Script allows to redistribute data (files) among given servers in order to equally use capacity of disc arrays.

 ./processing_steps/1/redistribute.py

Usage:

 ./redistribute.py -i INPUT_DIRECTORY [-o OUTPUT_DIRECTORY [-d DISTRIB_DIRECTORY]] -s SERVER_LIST [-p RELATED_PATHS] [-x EXTENSION] [-r] [-m] [-e ERRORS_LOG_FILE]

Final redistributed scripts have to be launched via parallel ssh and have to be removed afterwards.

Example:

 python /mnt/minerva1/nlp/projects/corpproc/corpora_processing_sw/processing_steps/1/redistribute.py -i /mnt/data/commoncrawl/CC-2015-14/warc -s /mnt/minerva1/nlp/projects/corpproc/corpora_processing_sw/processing_steps/servers.txt -m -o /home/idytrych/redistributionScripts -d /mnt/data/commoncrawl/software/redistributionScripts -x "-warc.gz" -p /home/idytrych/CC-2015-14-rel.txt >moves.txt

where CC-2015-14-rel.txt contains:

 /mnt/data/commoncrawl/CC-2015-14/uri	-warc.domain
 /mnt/data/commoncrawl/CC-2015-14/uri	-warc.domain.srt
 /mnt/data/commoncrawl/CC-2015-14/uri	-warc.netloc
 ...

afterwards scripts in screen are launched:

 parallel-ssh -h servery_b9_idytrych.txt -t 0 -A -i "bash /mnt/data/commoncrawl/software/redistributionScripts/\$HOSTNAME.sh"

and removed

 parallel-ssh -h servery_b9_idytrych.txt -t 0 -A -i "rm /mnt/data/commoncrawl/software/redistributionScripts/\$HOSTNAME.sh"


Note: On servers, where nothing will be moved onto, is no script.

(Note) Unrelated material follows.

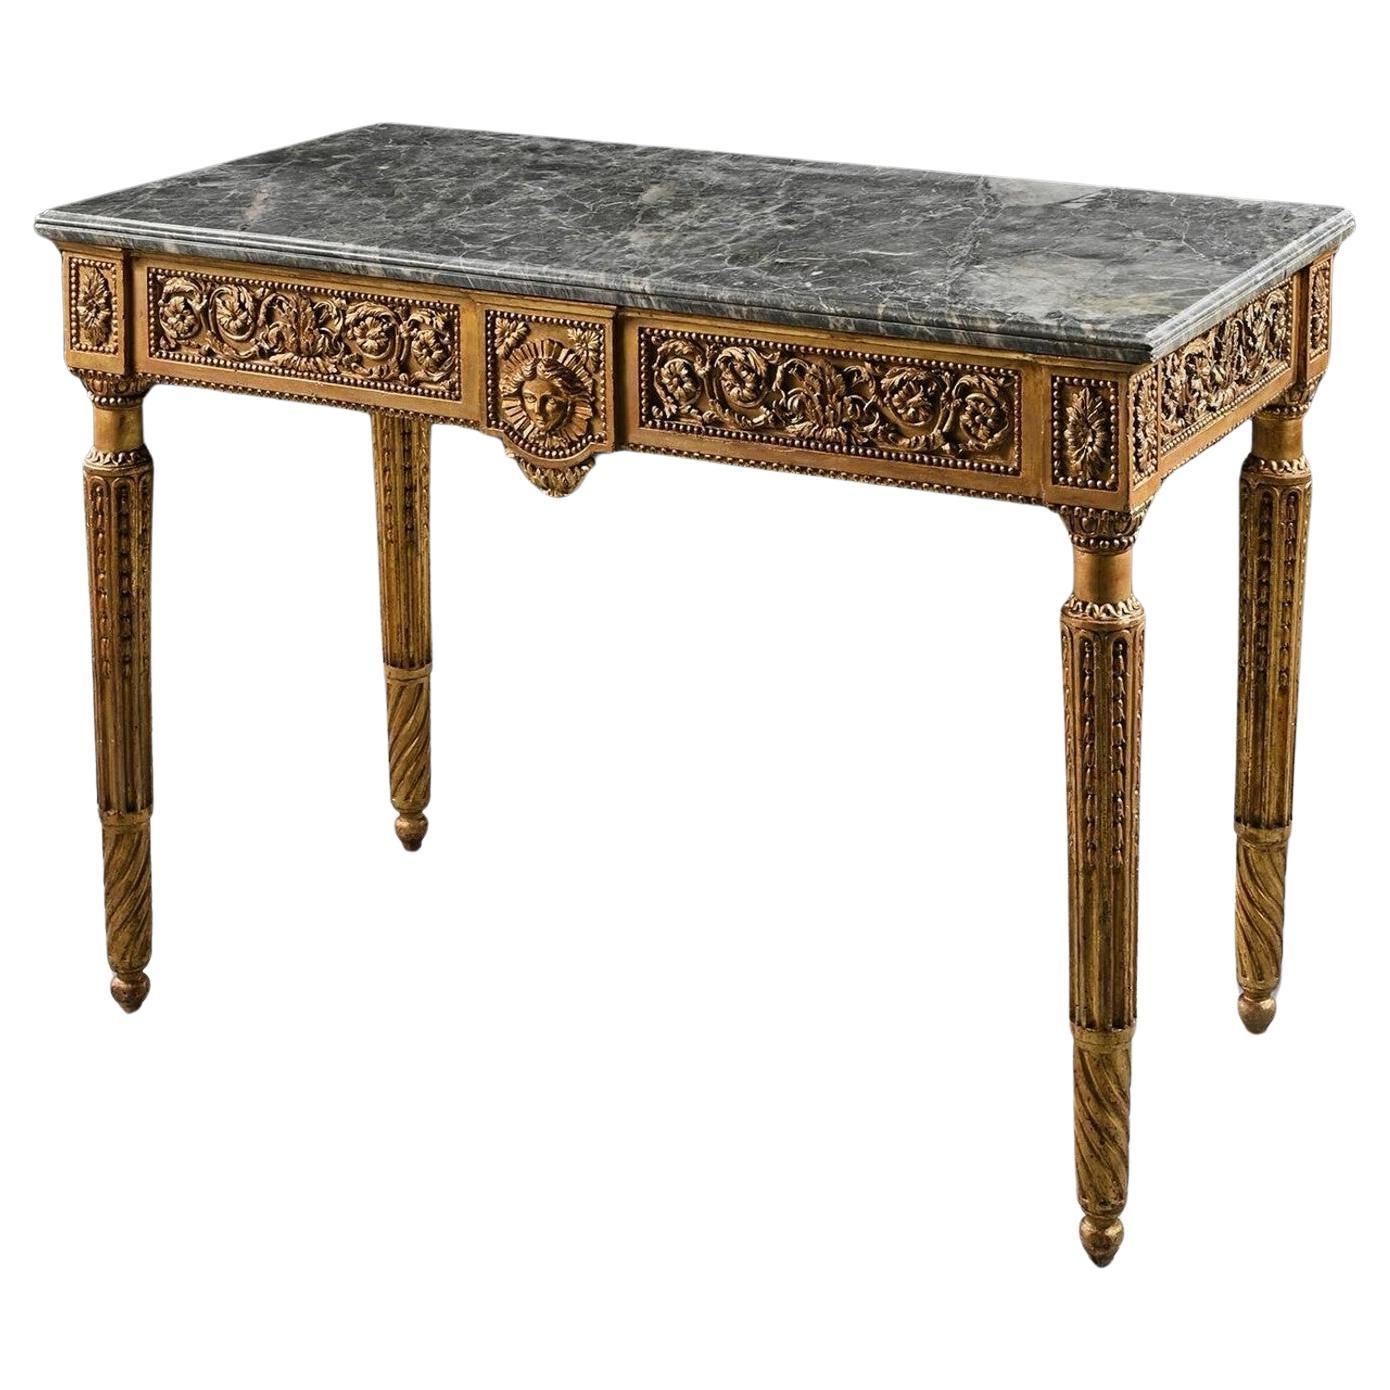 Late 18th Century Italian Carved Giltwood Marble Top Console Table For Sale
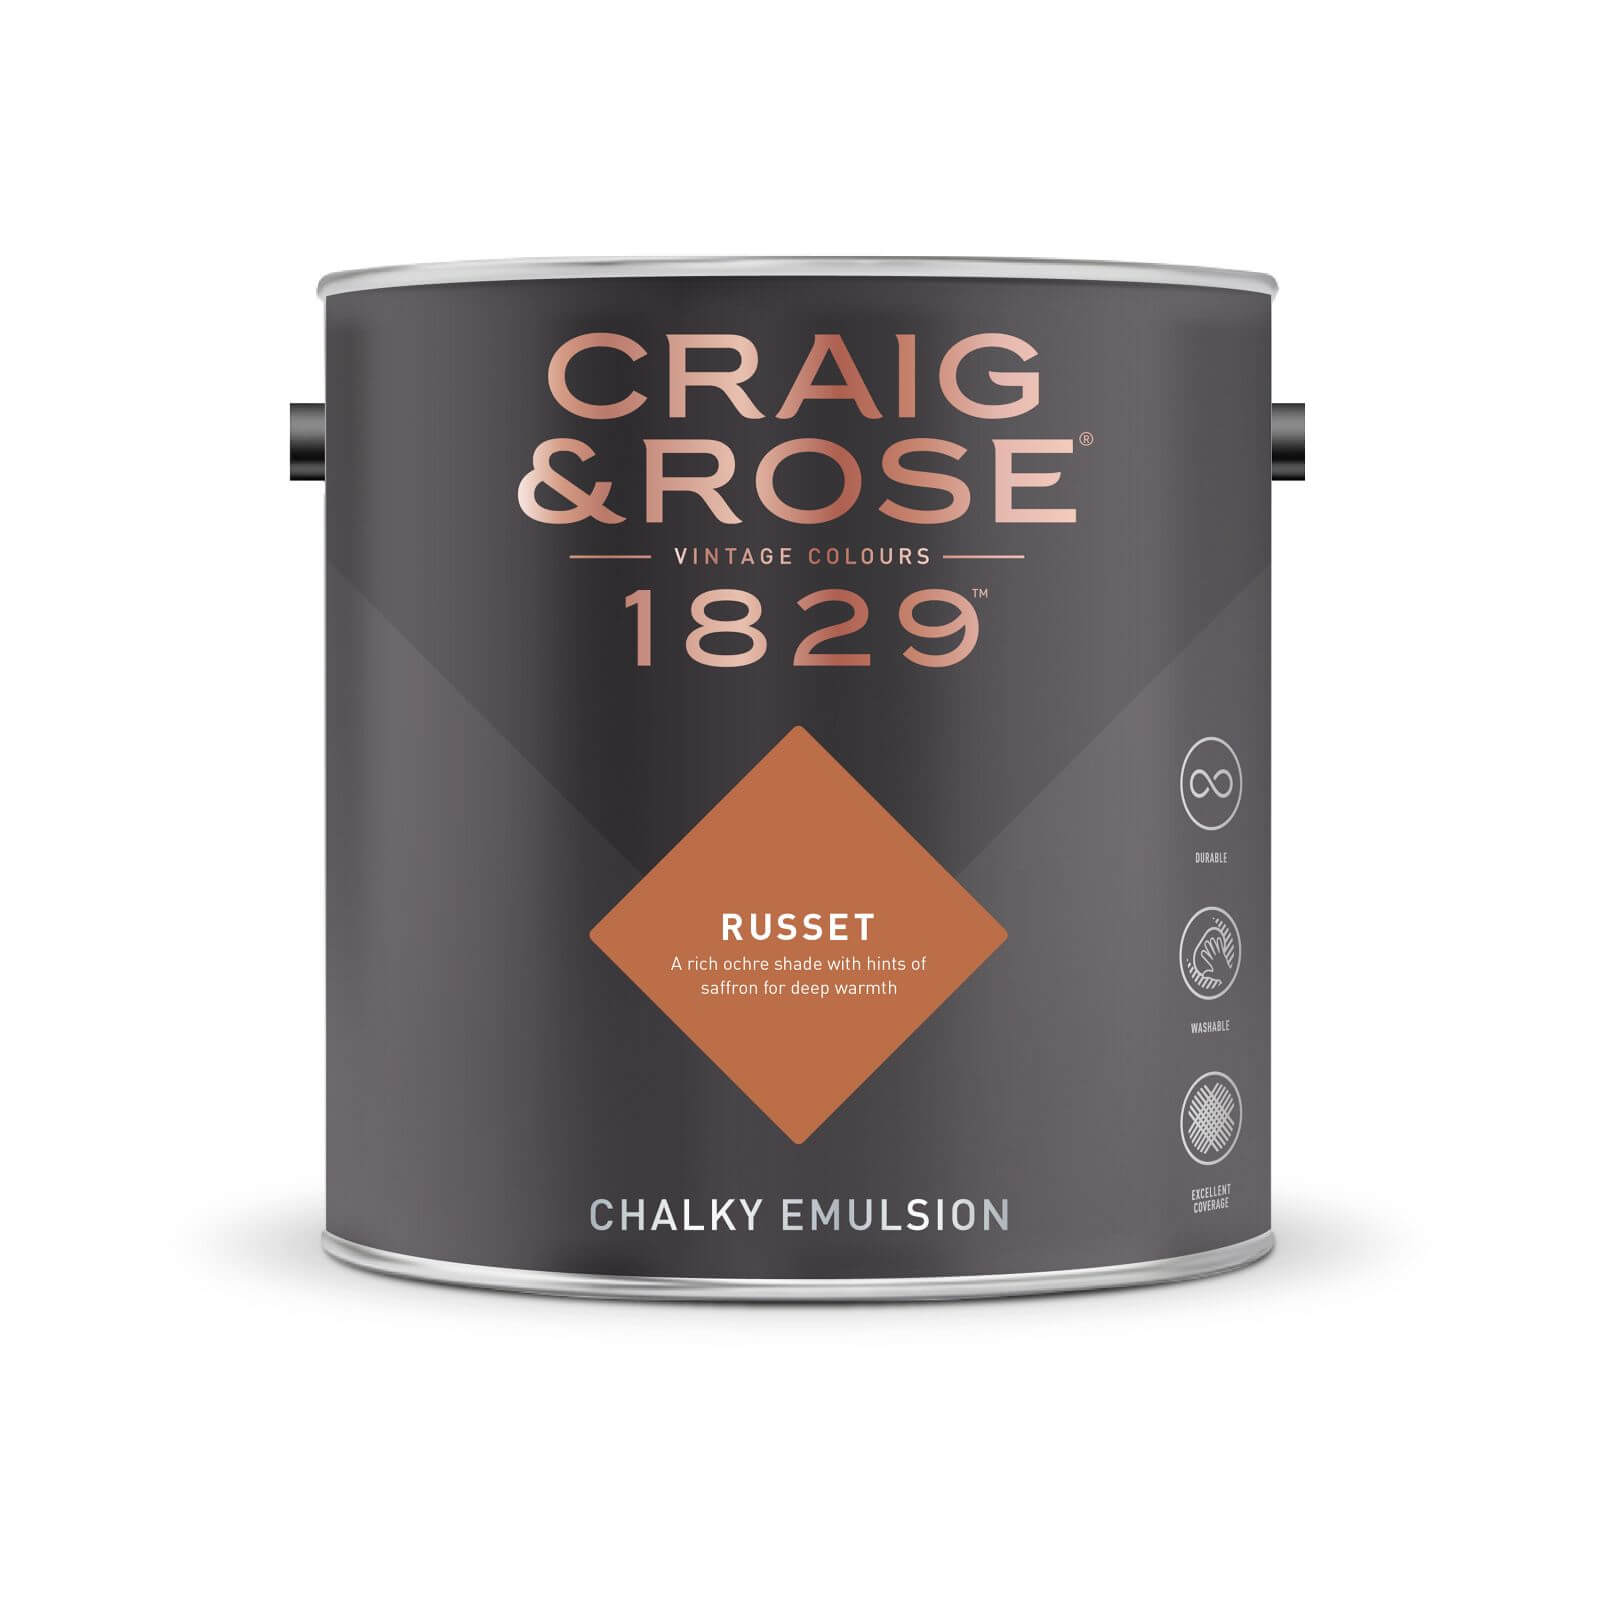 Craig & Rose 1829 Chalky Emulsion Paint Russet - Tester 50ml

Error will be printed.

Where you can test it?

There is running search engine on server athena1, you can try for example. [http://athena1.fit.vutbr.cz:8088/#1:nertag:%28artist%20OR%20person%29%20%3C%20lemma:%28inspire%20OR%20influence%20OR%20admiration%20OR%20tutelage%20OR%20tribute%20OR%20homage%29%20%3C%202:nertag:%28artist%20OR%20person%29%20-%20_SENT_;1.nerid%20!=%202.nerid]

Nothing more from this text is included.